◆ **INPUT DATA**
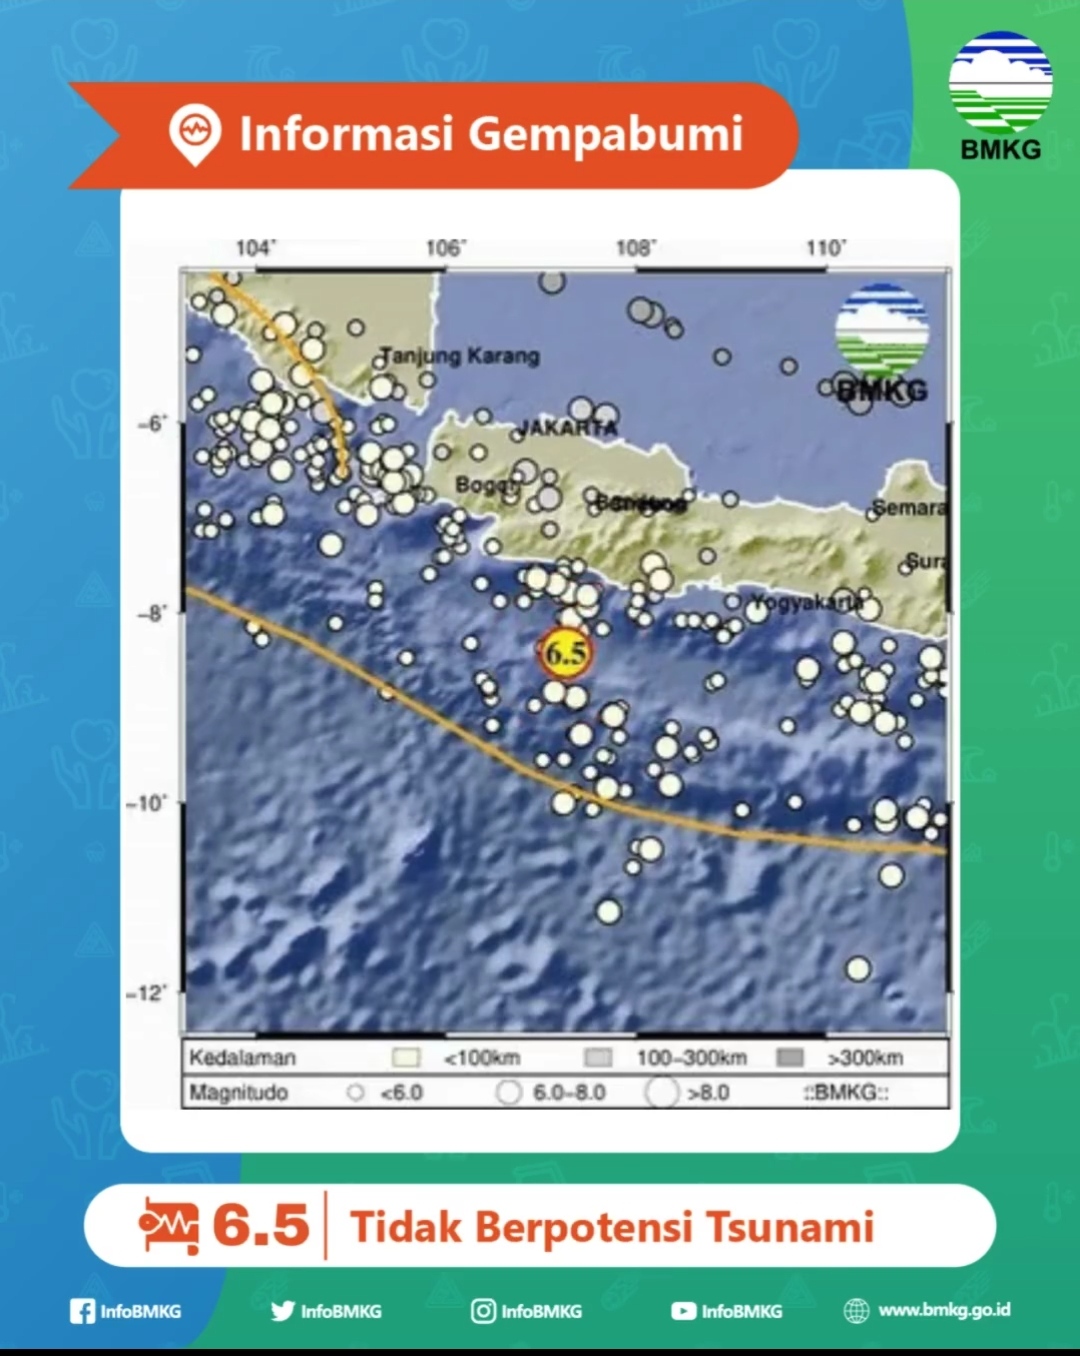 Gempa Garut M 6,5 Guncang Jakarta Hingga Jawa Timur, Ini Penjelasan BMKG
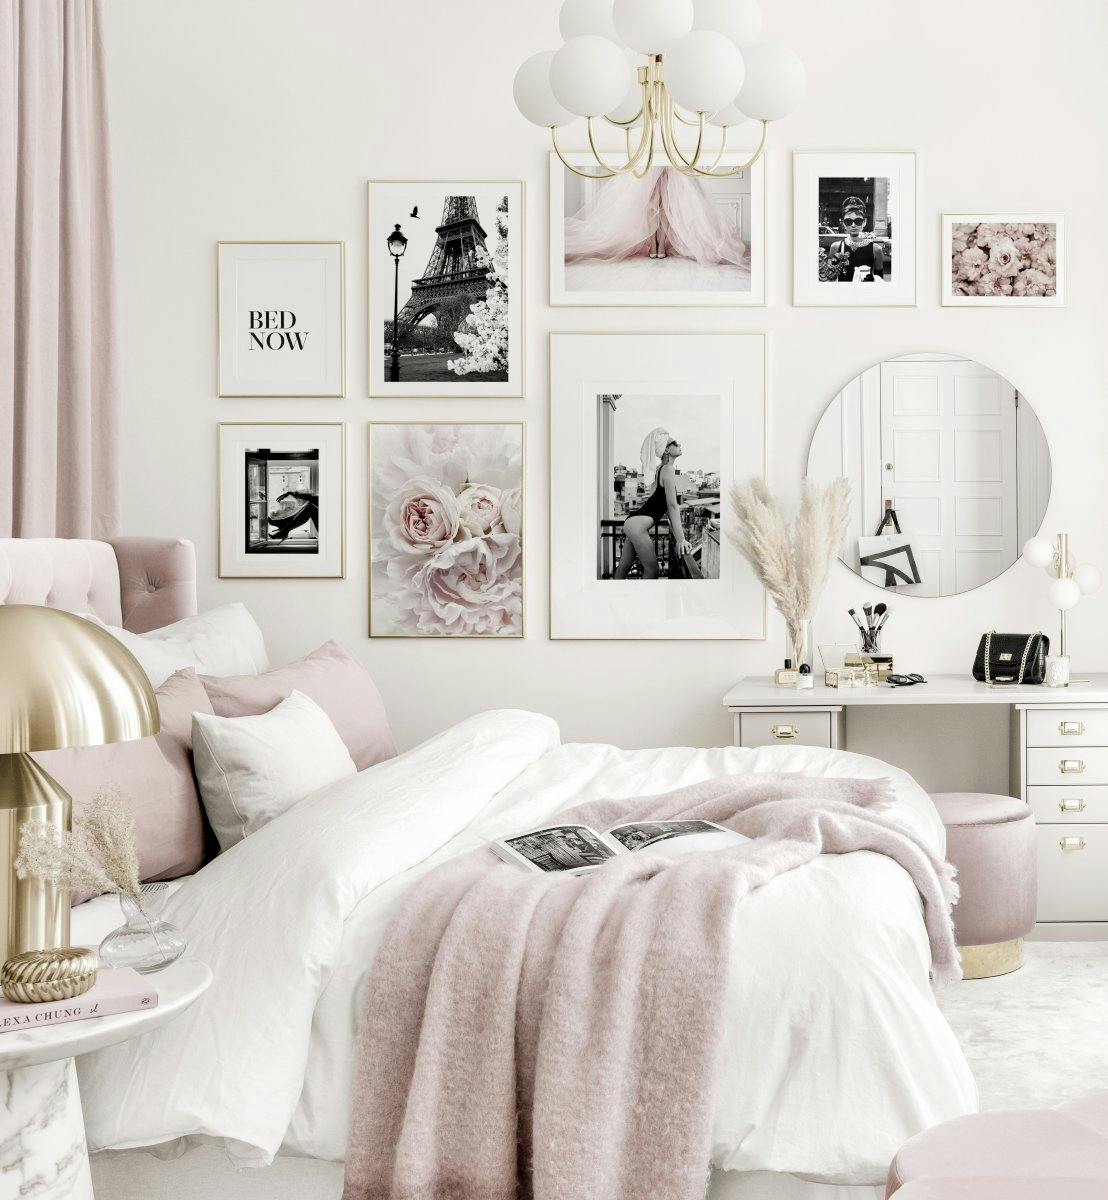 Elegancka galeria obrazow rozowo biala sypialnia czarno-biale plakaty zlote ramki
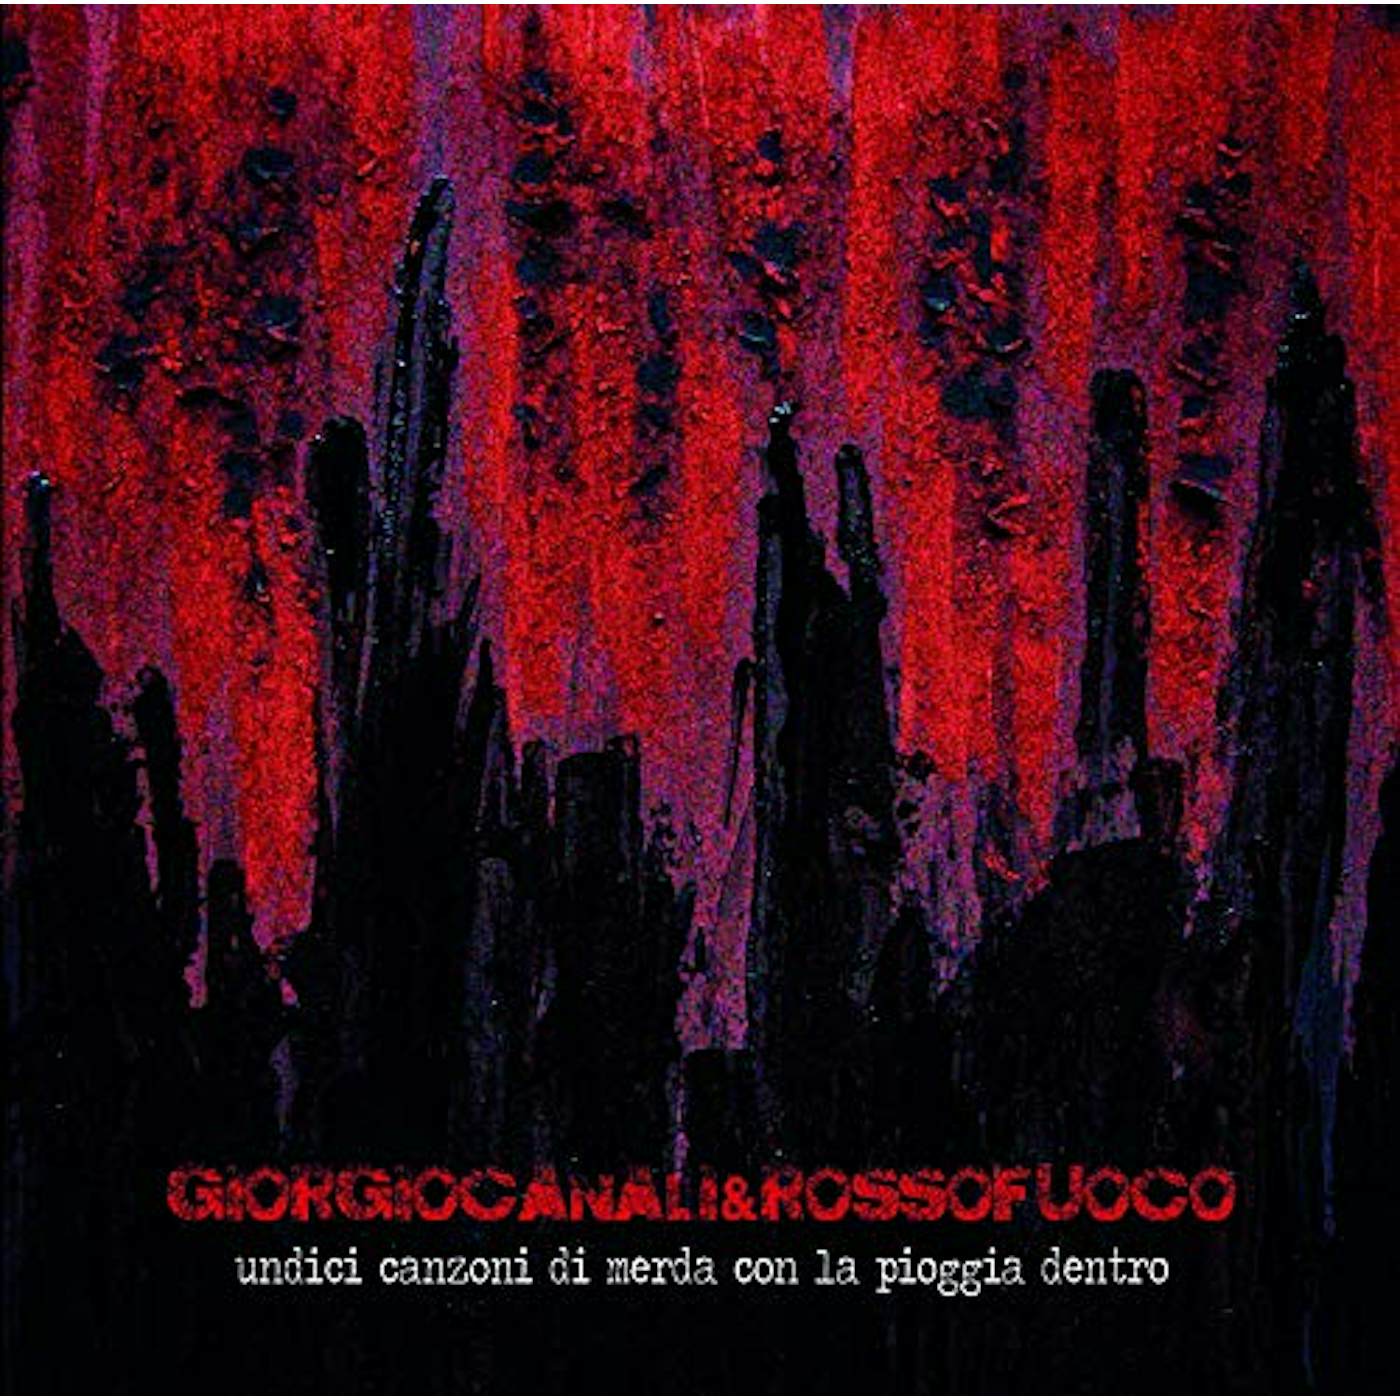 Giorgio Canali & Rossofuoco Undici Canzoni Di Merda Con La Pioggia Dentro Vinyl Record

◆ **WHAT YOU NEED TO DO**
Transcribe the whole listing above exactly and leave out the pictures.

◆ **ANSWER FOR THE TASK**
 Gempa Garut M 6,5 Guncang Jakarta Hingga Jawa Timur, Ini Penjelasan BMKG
 Elegancka galeria obrazow rozowo biala sypialnia czarno-biale plakaty zlote ramki
 Giorgio Canali & Rossofuoco Undici Canzoni Di Merda Con La Pioggia Dentro Vinyl Record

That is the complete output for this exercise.